- _The task_: What you produce should be the lines from the line containing "CBRS: Redefining Communications" through the last line below, both ends included, reproduced exactly and without pictures.

- _Supplied data_:
----

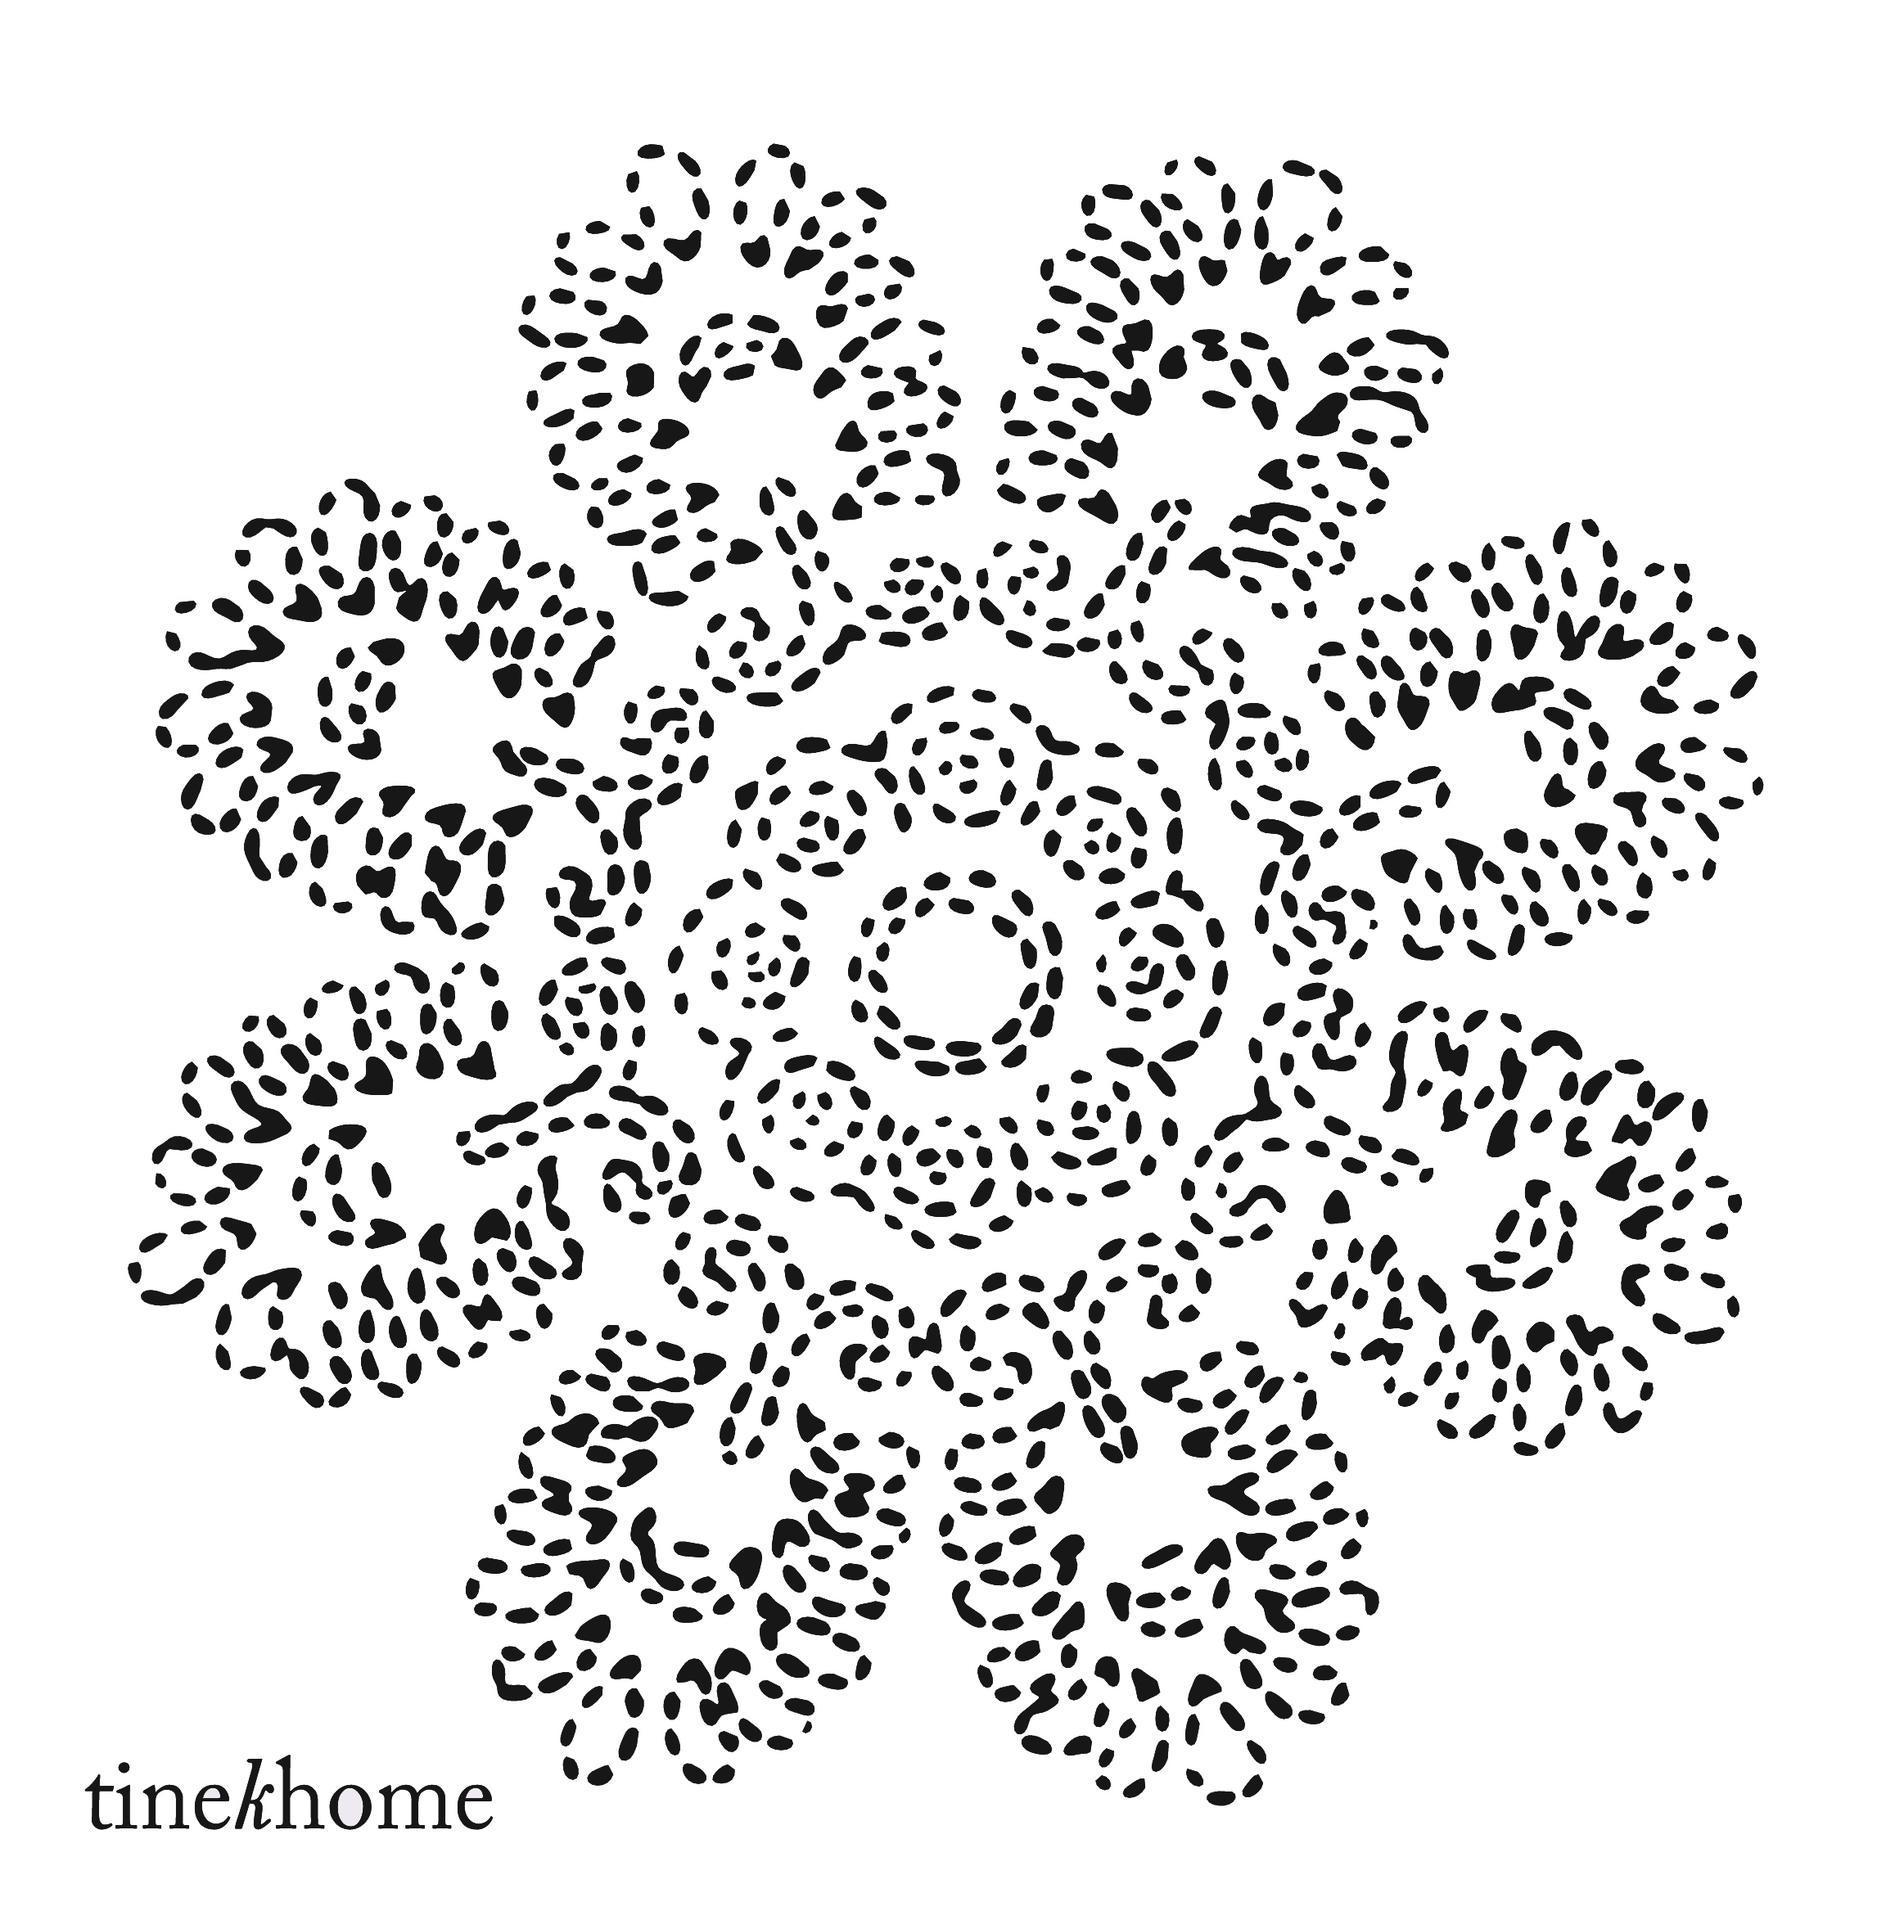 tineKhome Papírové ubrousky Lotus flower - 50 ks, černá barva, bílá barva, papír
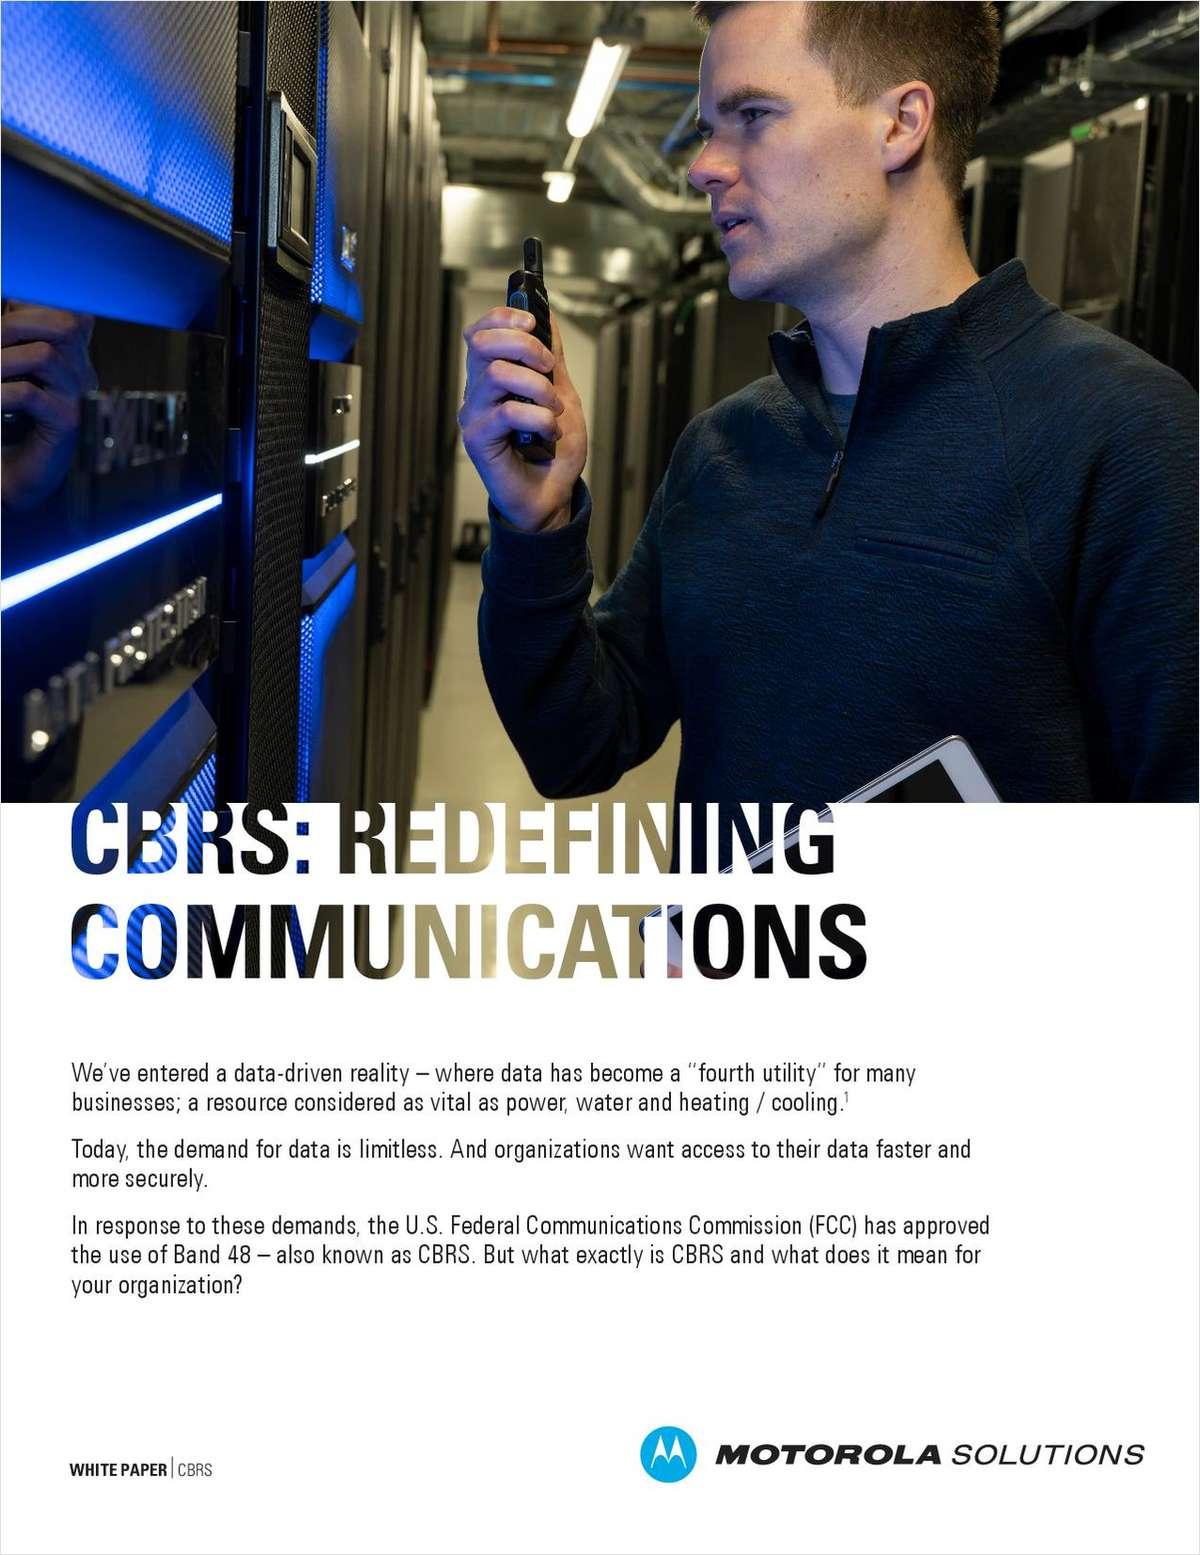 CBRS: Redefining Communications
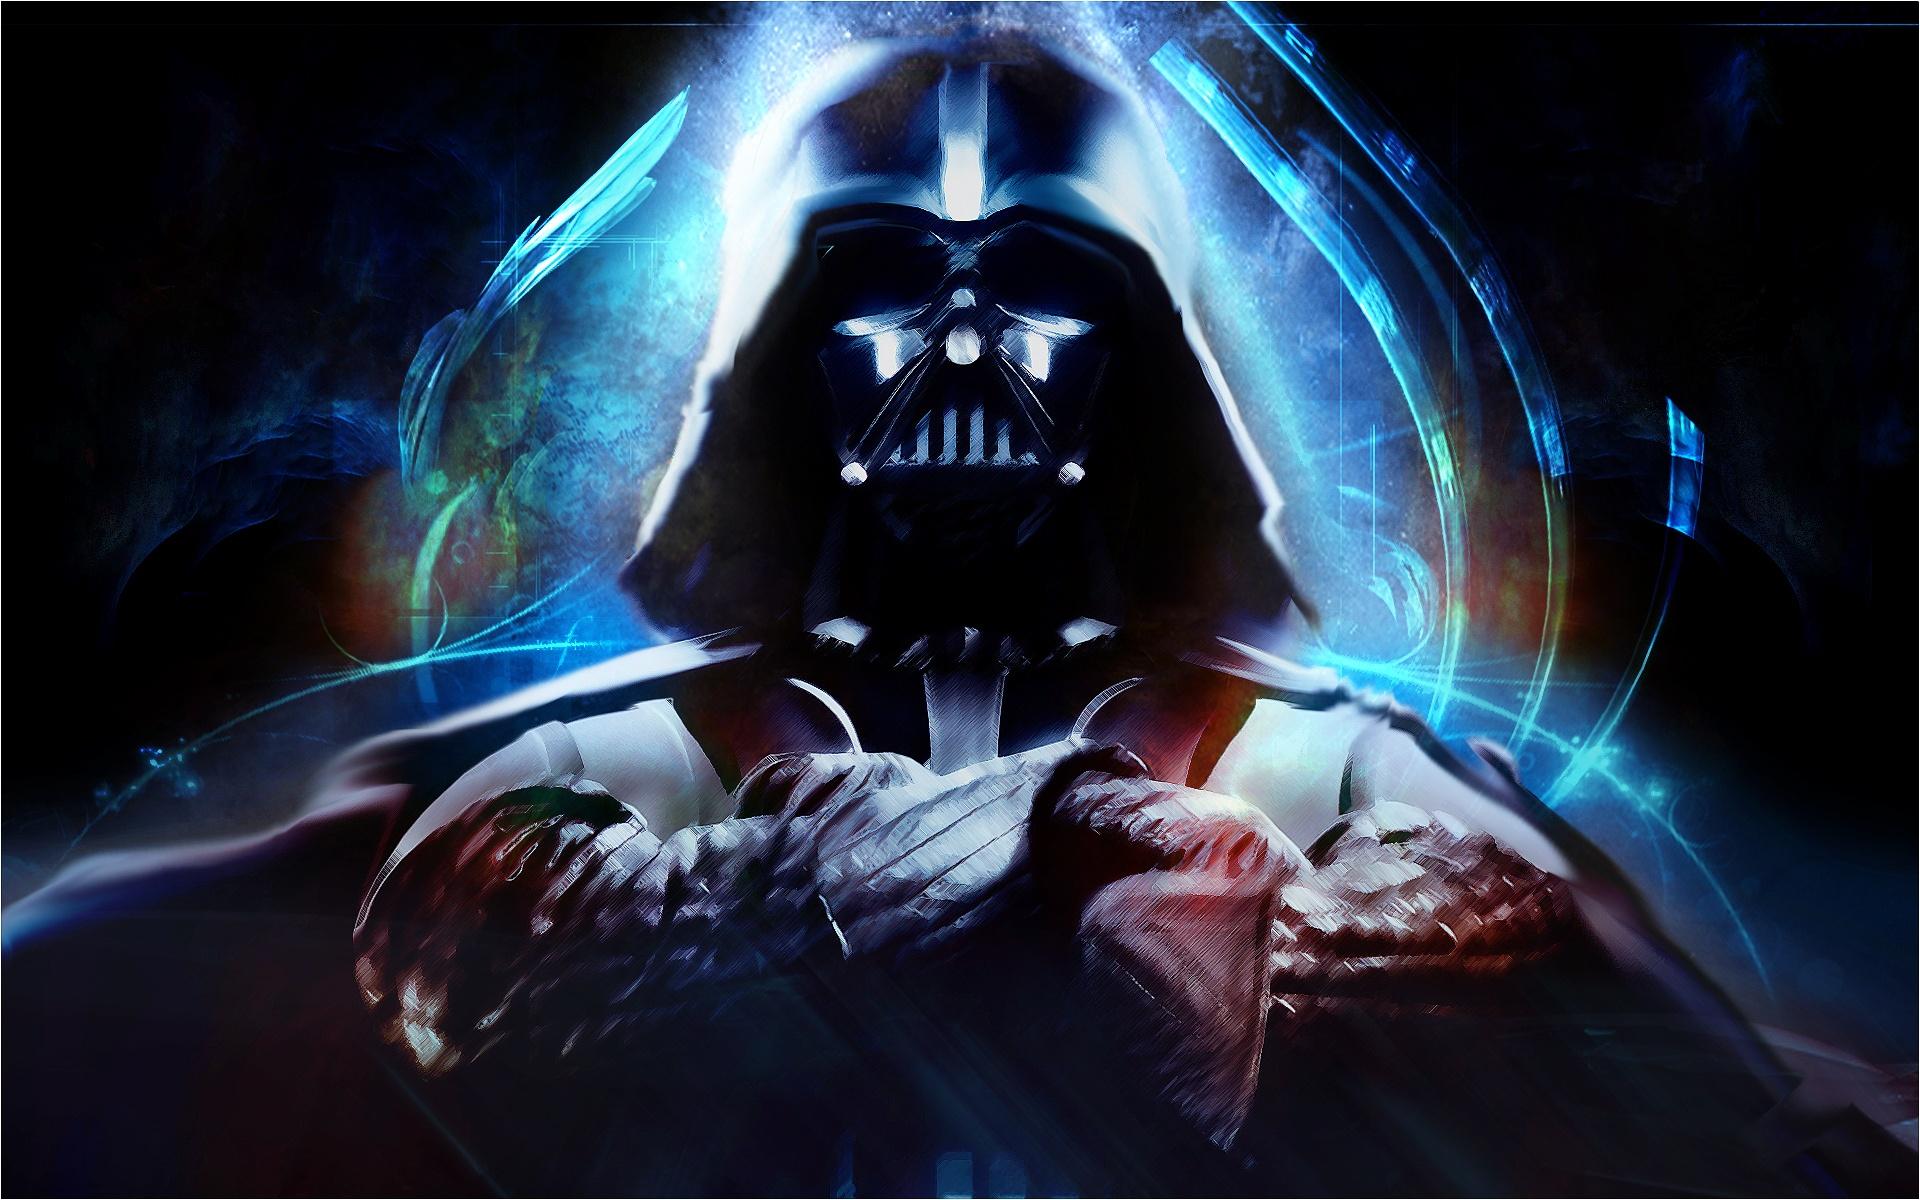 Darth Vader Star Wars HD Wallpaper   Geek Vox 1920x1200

----

- _Your solution_:
 CBRS: Redefining Communications
 Darth Vader Star Wars HD Wallpaper   Geek Vox 1920x1200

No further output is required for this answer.